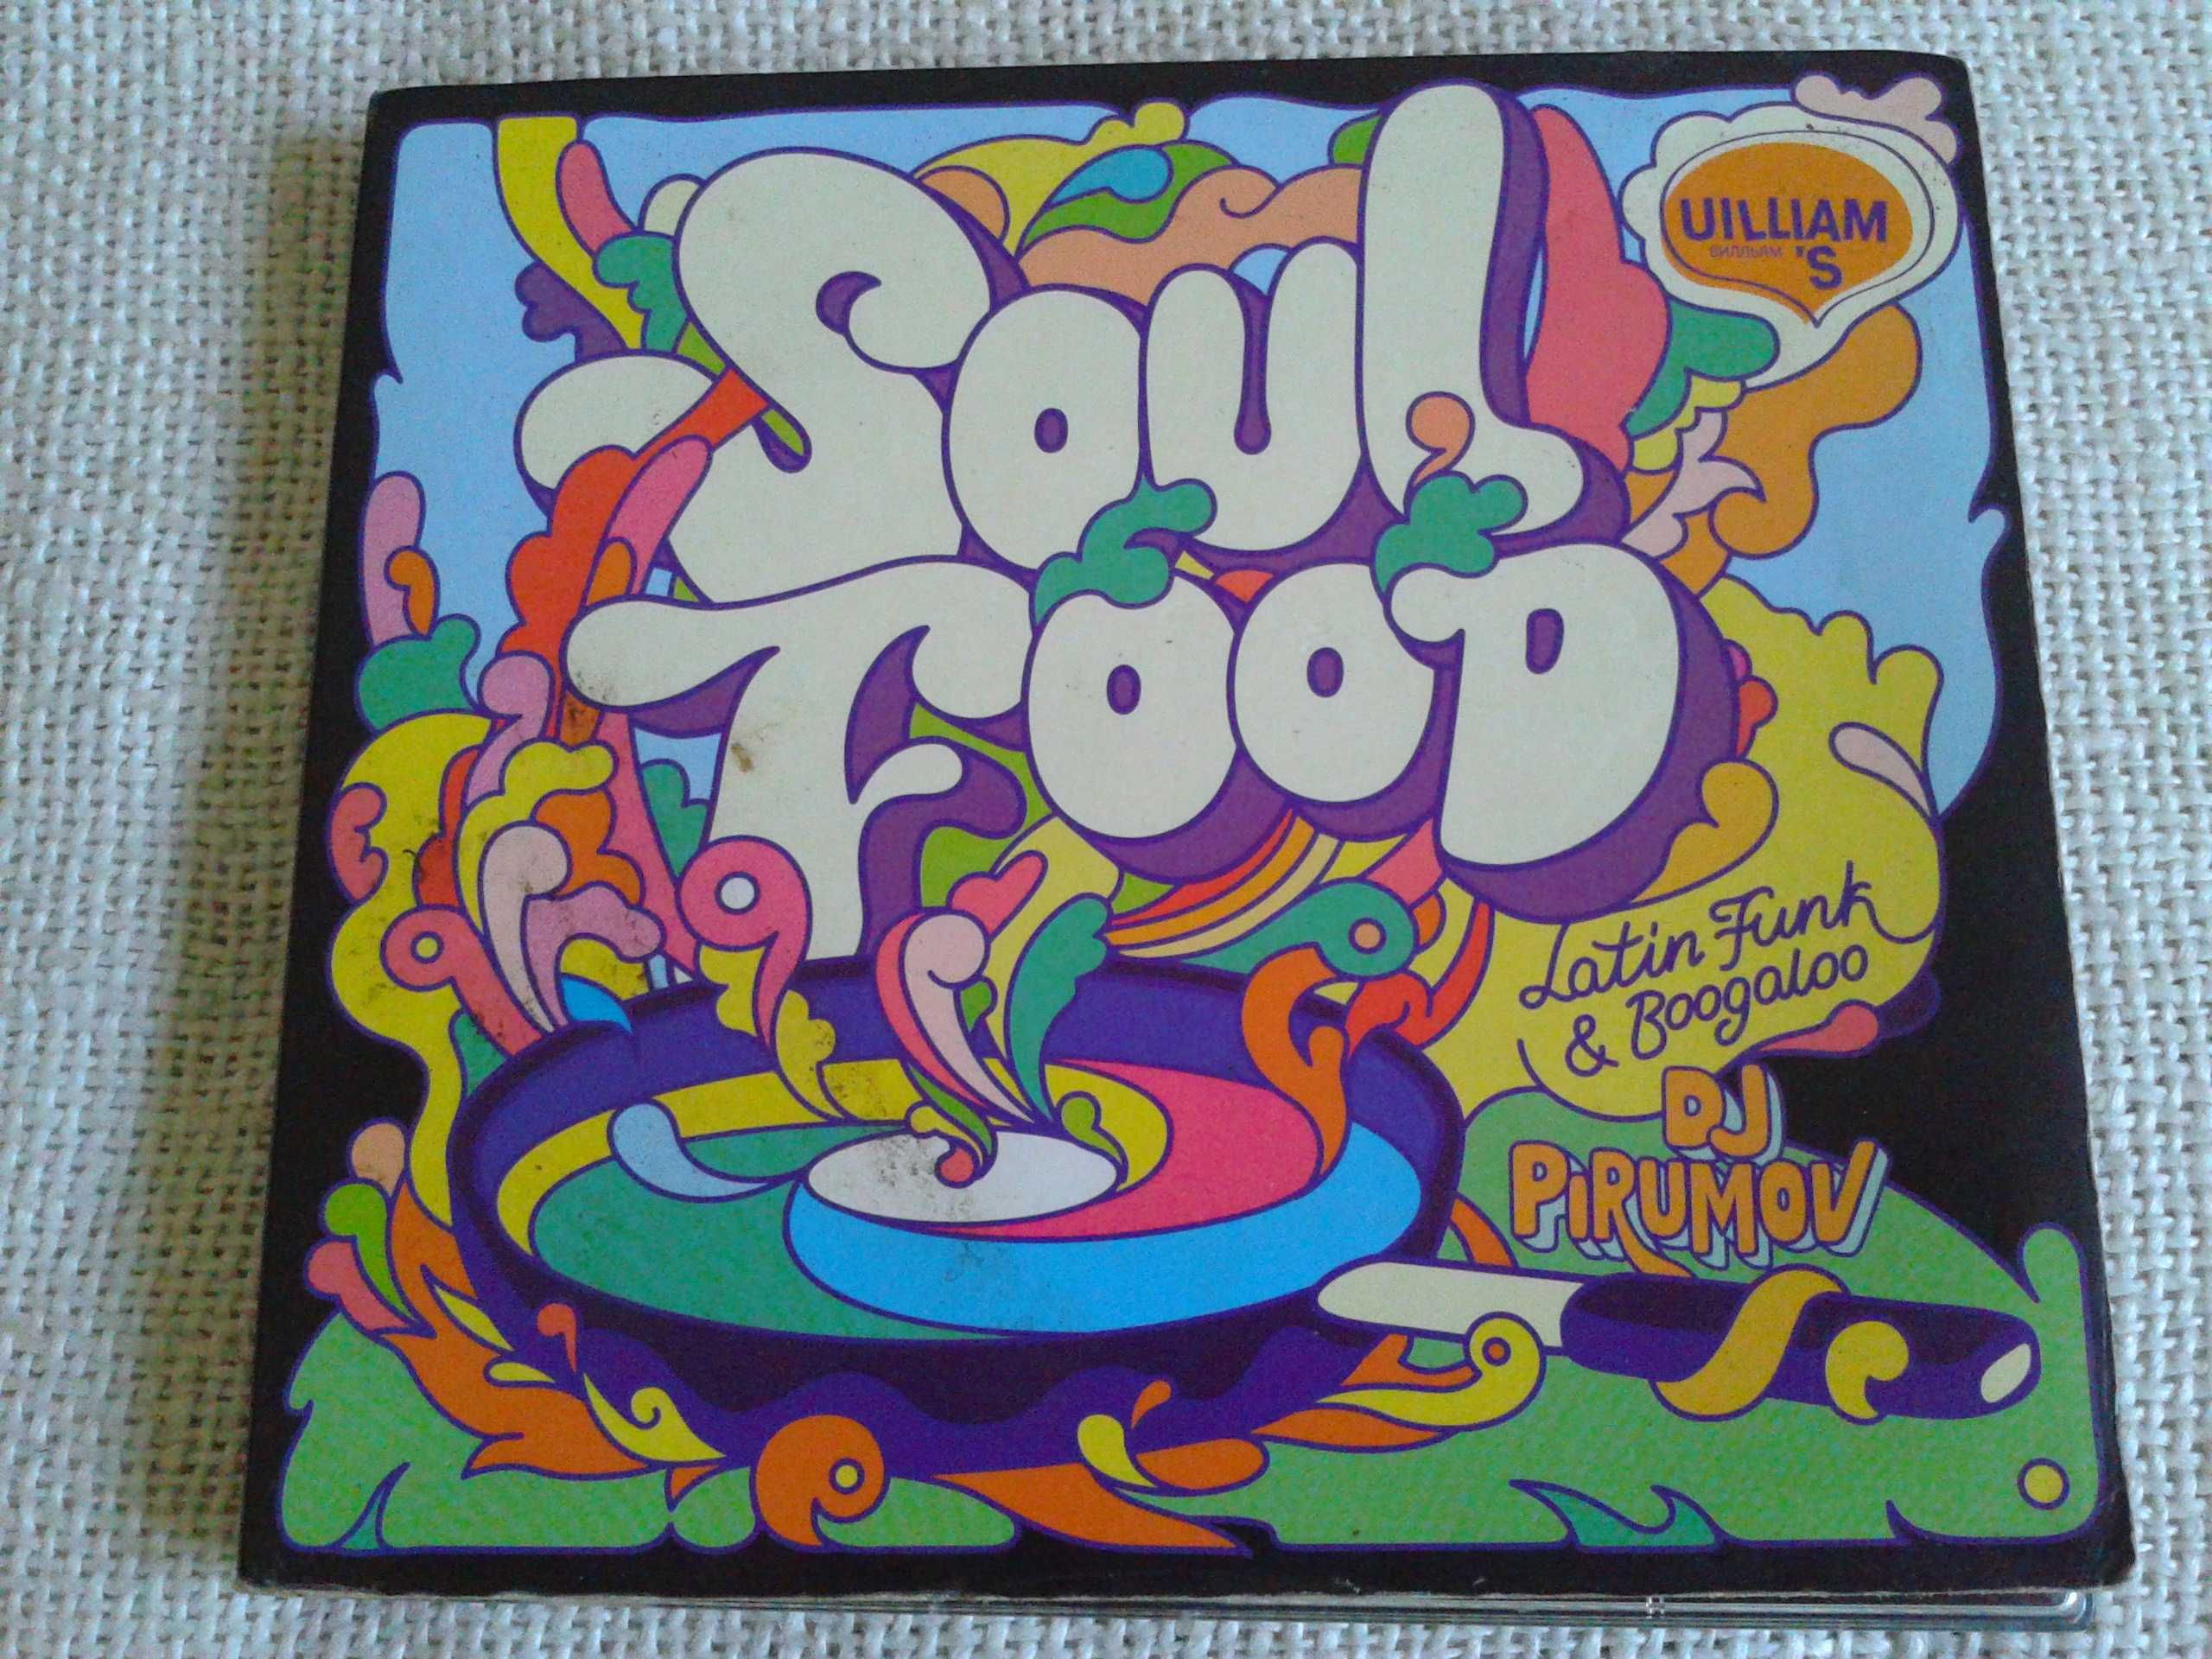 Dj Pirumov - Soul Food, Latin Funk & Boogaloo  CD
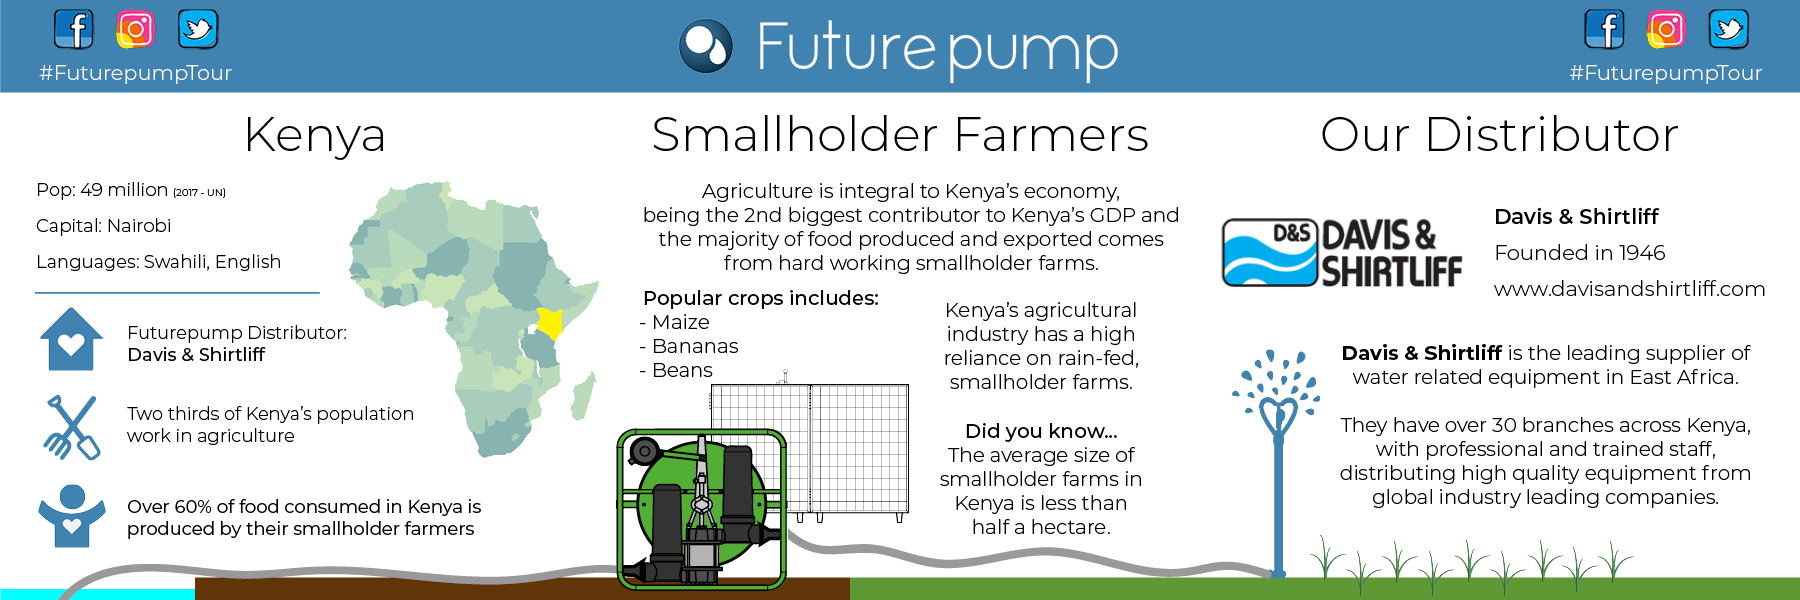 An infographic showing key information about Kenya solar pump distributor Davis & Shirtlliff
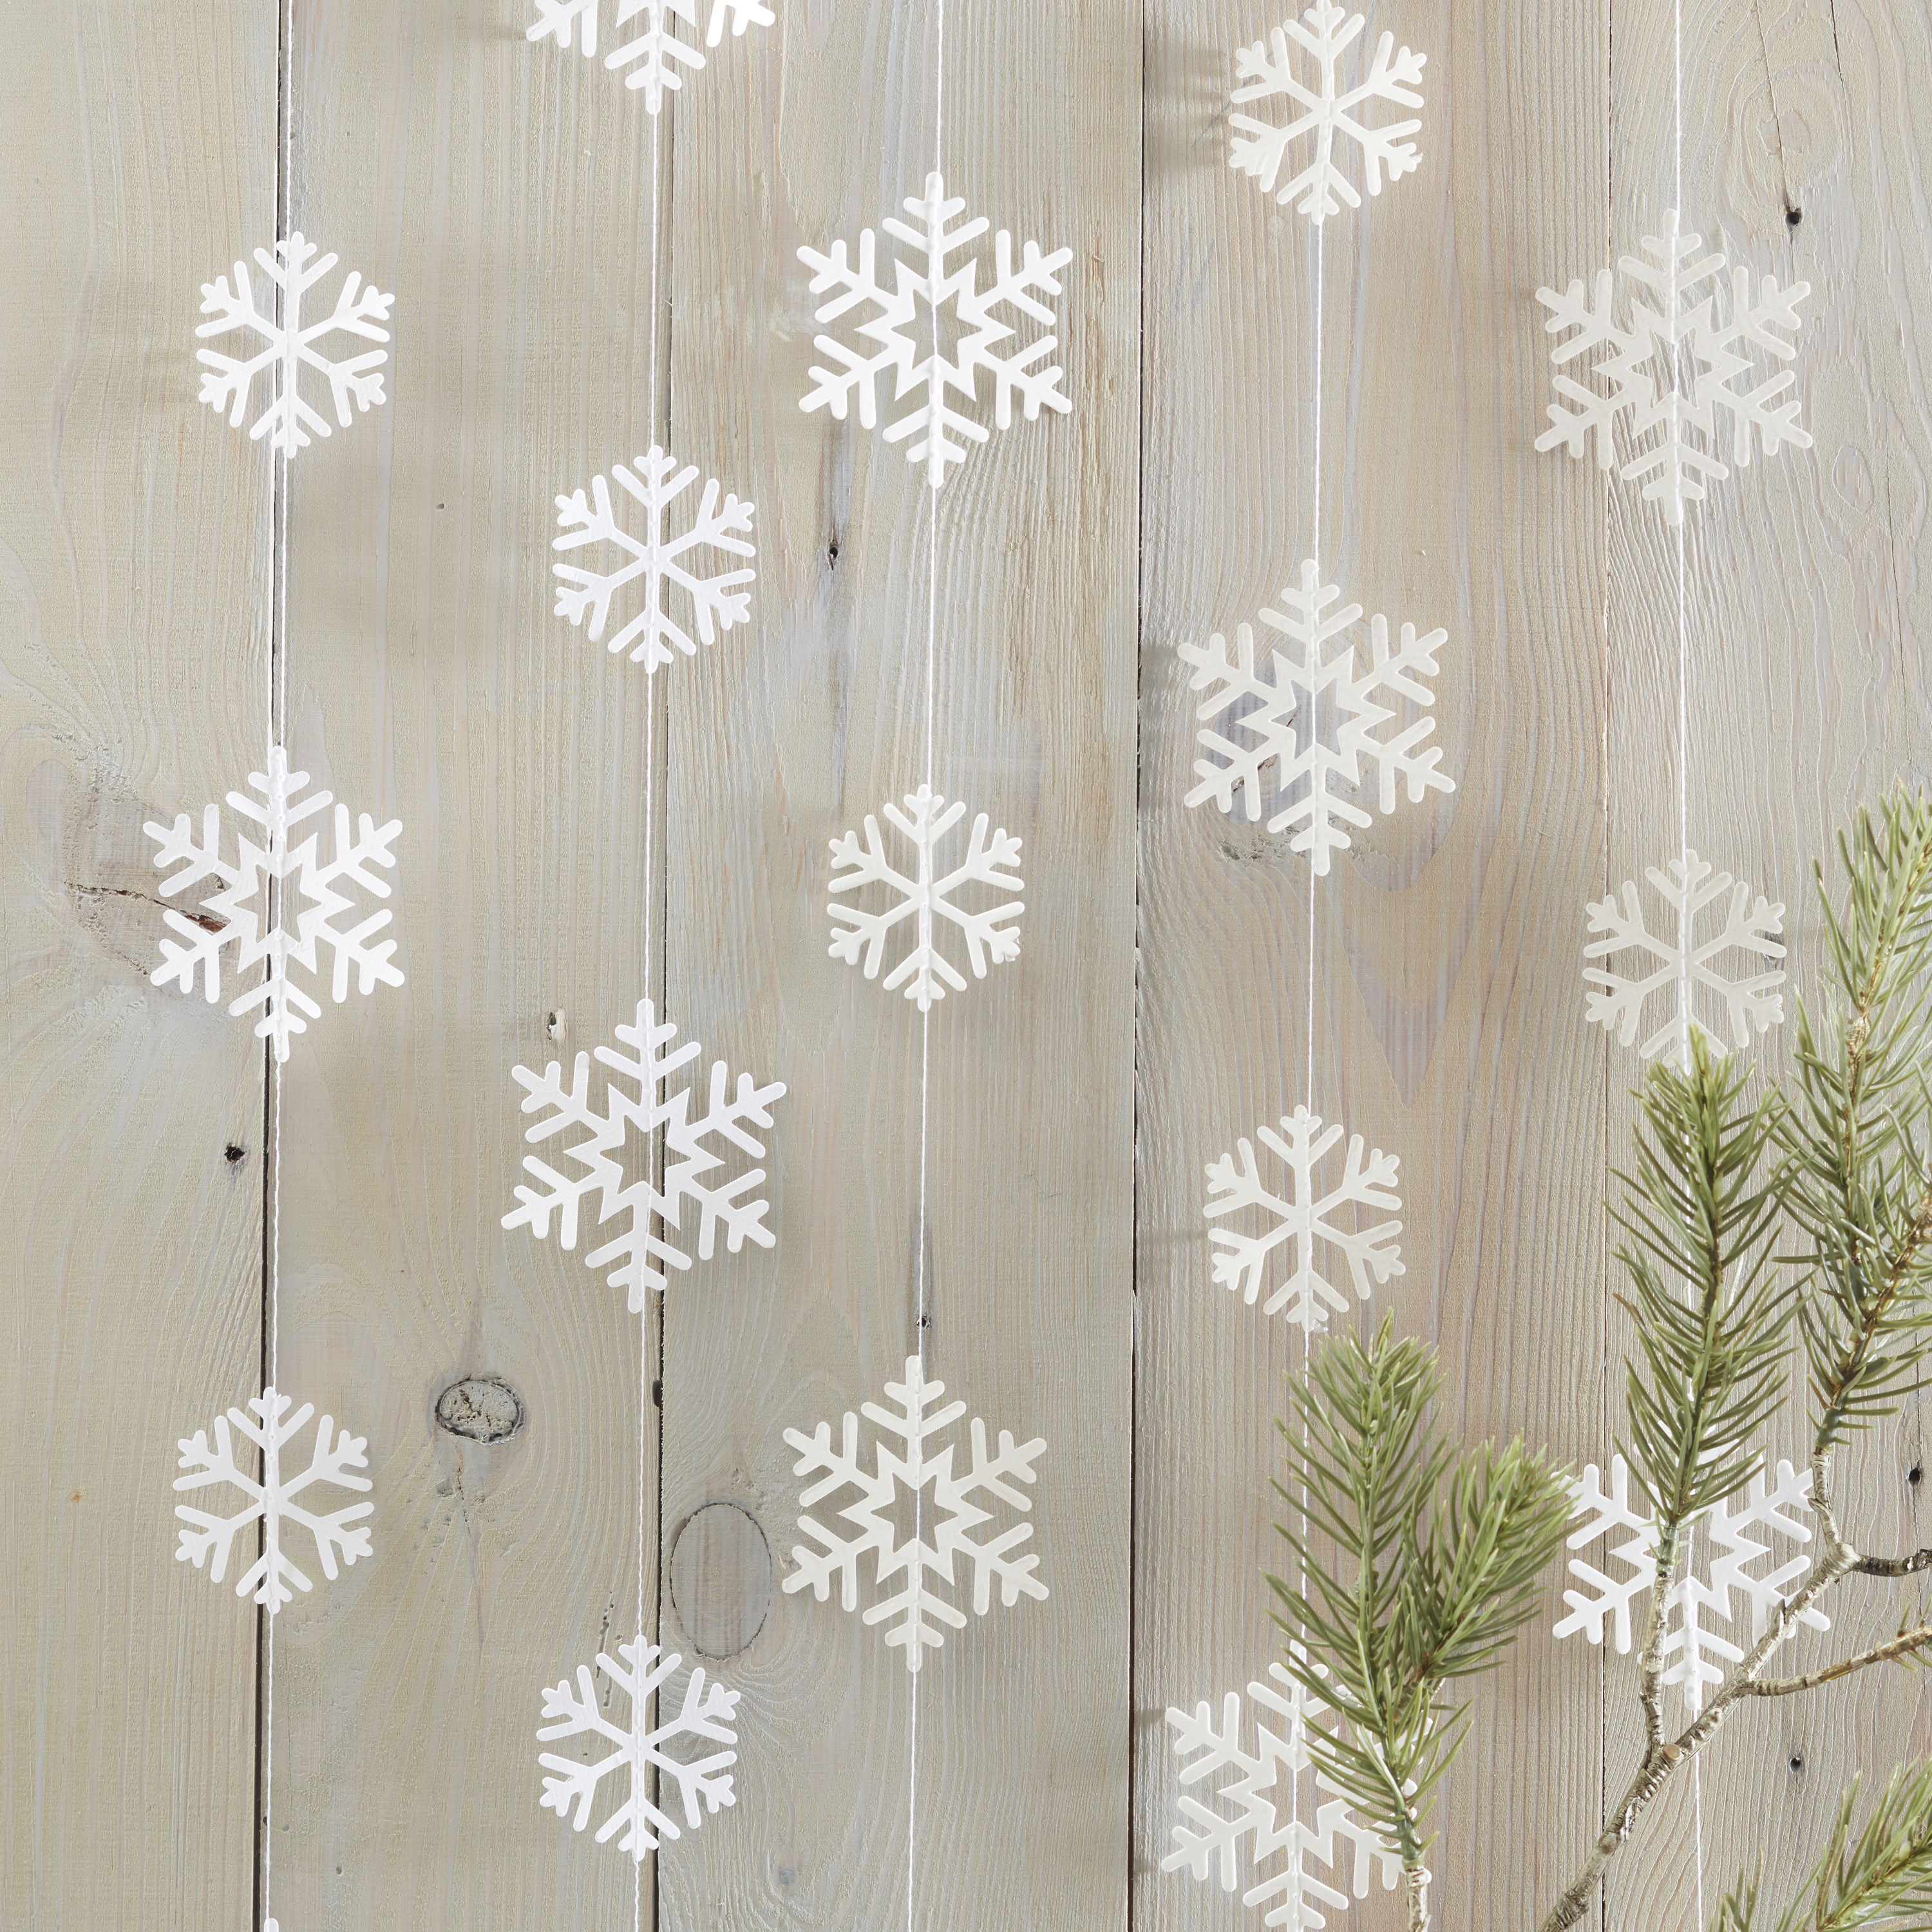 Ginger Ray Snowflake Garland Bunting Christmas Hanging Decoration 5metres
☆ ☆ ☆
**ASSIGNMENT**.
Your answer must be an exact copy of the lines above, from the line that contains "An infographic showing" through the final line, with no pictures in it.

**WRITTEN ANSWER**.
 An infographic showing key information about Kenya solar pump distributor Davis & Shirtlliff
 Ginger Ray Snowflake Garland Bunting Christmas Hanging Decoration 5metres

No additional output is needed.